The architect who was in the construction site trailer crushed by 14,000 pounds of steel that fell 25 stories from a crane may never walk again. Doctors believe Robert Woo was likely paralyzed; his mother said, "He might not walk again...I've been telling him he's lucky to be alive." It is amazing Woo is alive - seeing photographs of the site, it's incredible he survived - but given the amount of construction and development ongoing in the city, we're alarmed as well.
Woo was working at the under-construction Goldman Sachs headquarters near Ground Zero when a crane's load slipped - the nylon sling "failed" - and fell. His wife Lisa told the Daily News that he didn't remember his office being crushed, but only that "One moment I was working, the next they were taking me out of the rubble." The Woos had relocated from Toronto to Manhattan while he worked was working on the Goldman Sachs project; he had also "fell in love" with New York while working on the World Financial Center's rebuilding after September 11.
The Woos have two sons, 2-year-old Tristan and 6-month-old Adrien. Lisa Woo said, "Rob was looking forward to taking Tristan on the back of his bike. He kept putting it off for months. Now he feels guilty about it."

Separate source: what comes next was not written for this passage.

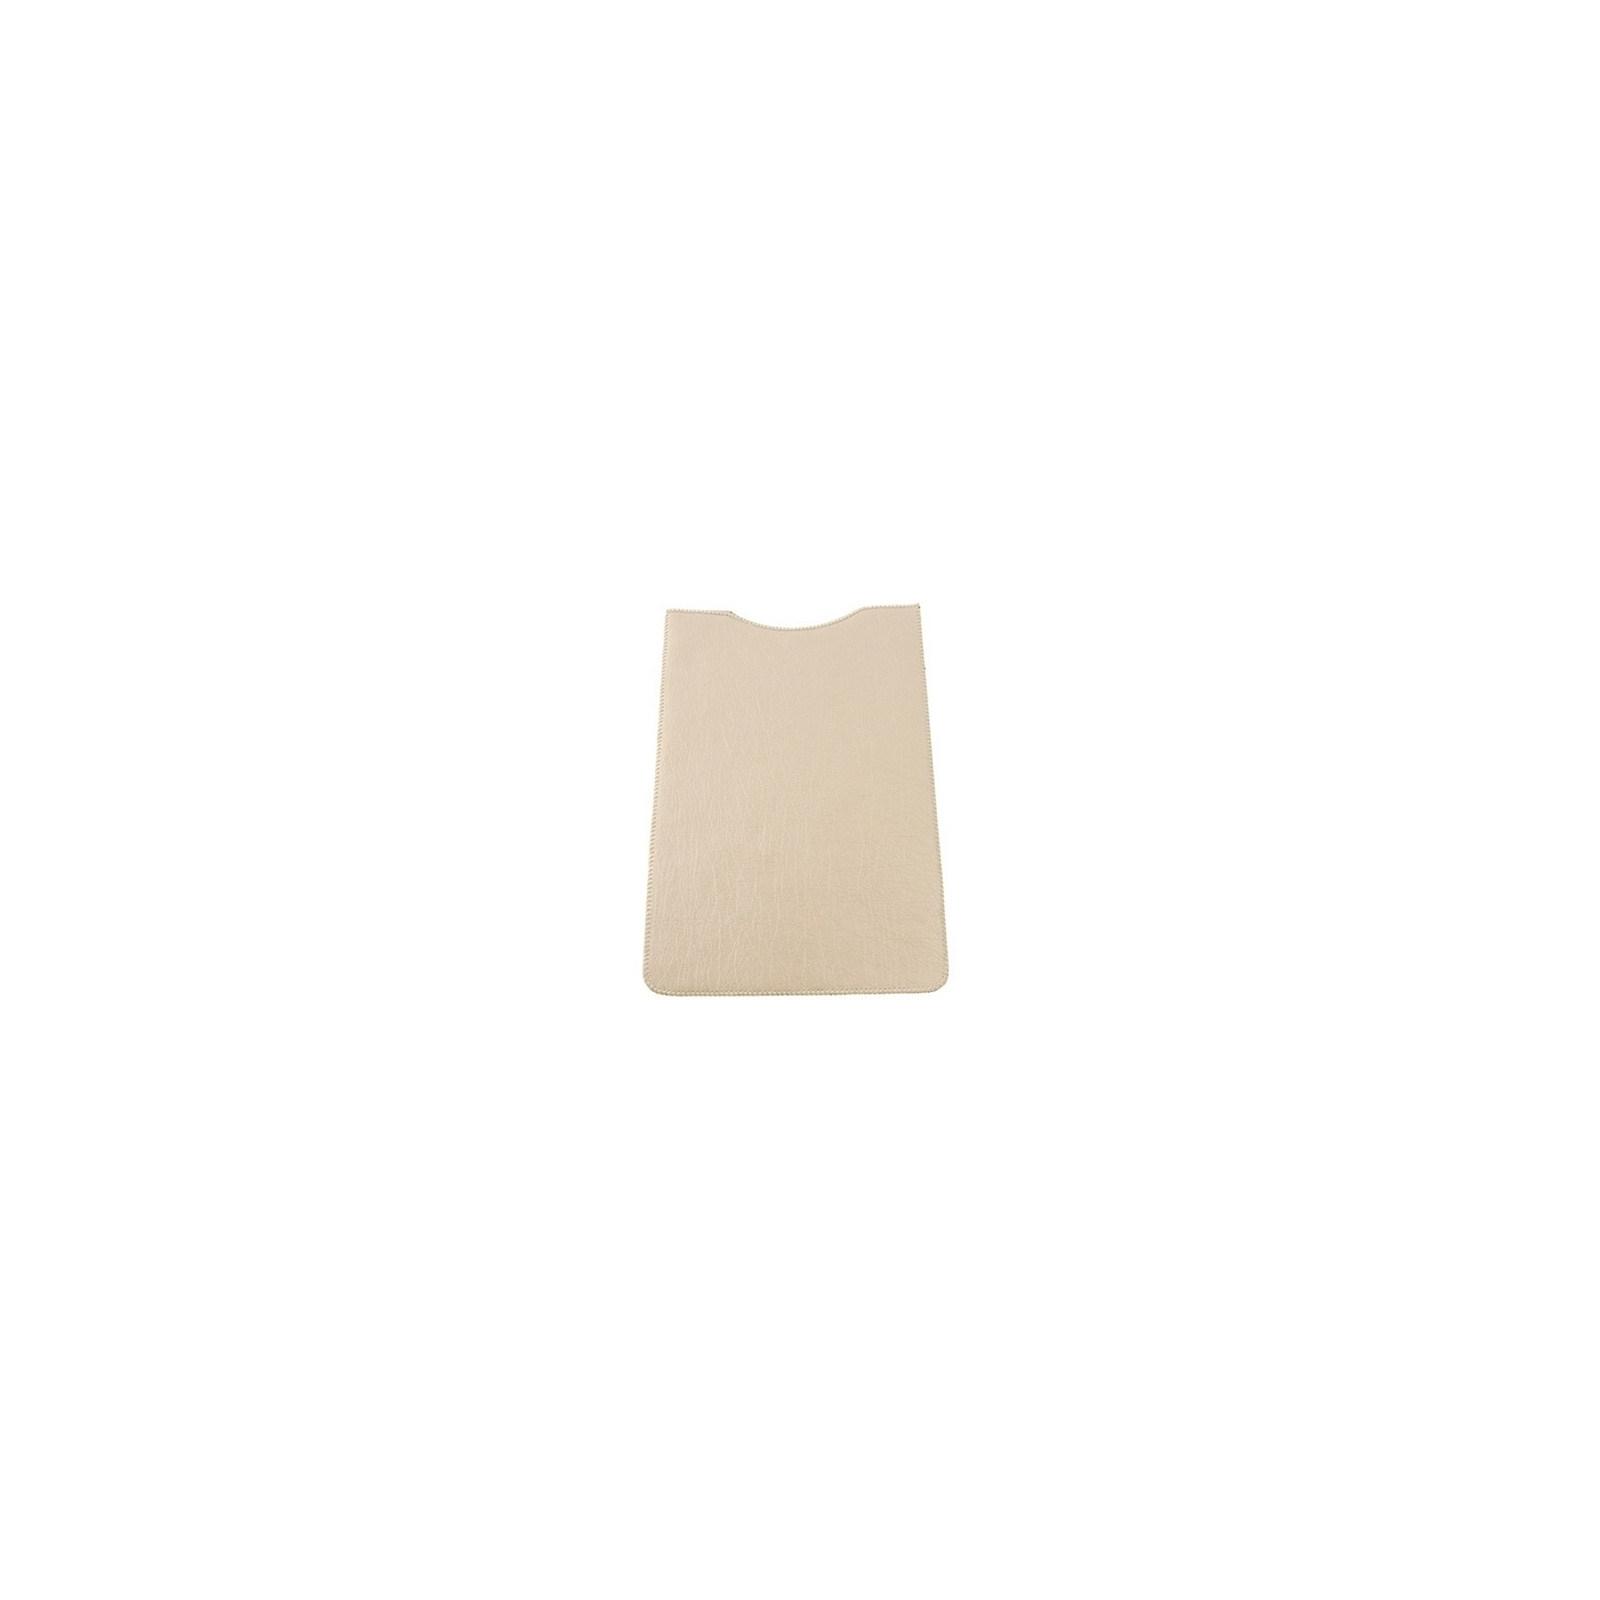 Чехол для планшета Drobak 7 Universal/Smooth Case/White (216810)

Tishman Construction Corp. spokesman Richard Kielar defended the company's safety record, saying that Tishman's record was "excellent by industry standards" and noted that the incident was possibly a "material failure that...could not have been foreseen." The Department of Buildings issued four violations to Tishman, which corrected them and can re-start construction work, but a partial stop work order for crane operations remains.
In October, a crane dropped a dumpster at least 35 stories at the Bank of America tower in Midtown. And in September of last year, a crane dropped materials from the 15th floor of a building near Union Square.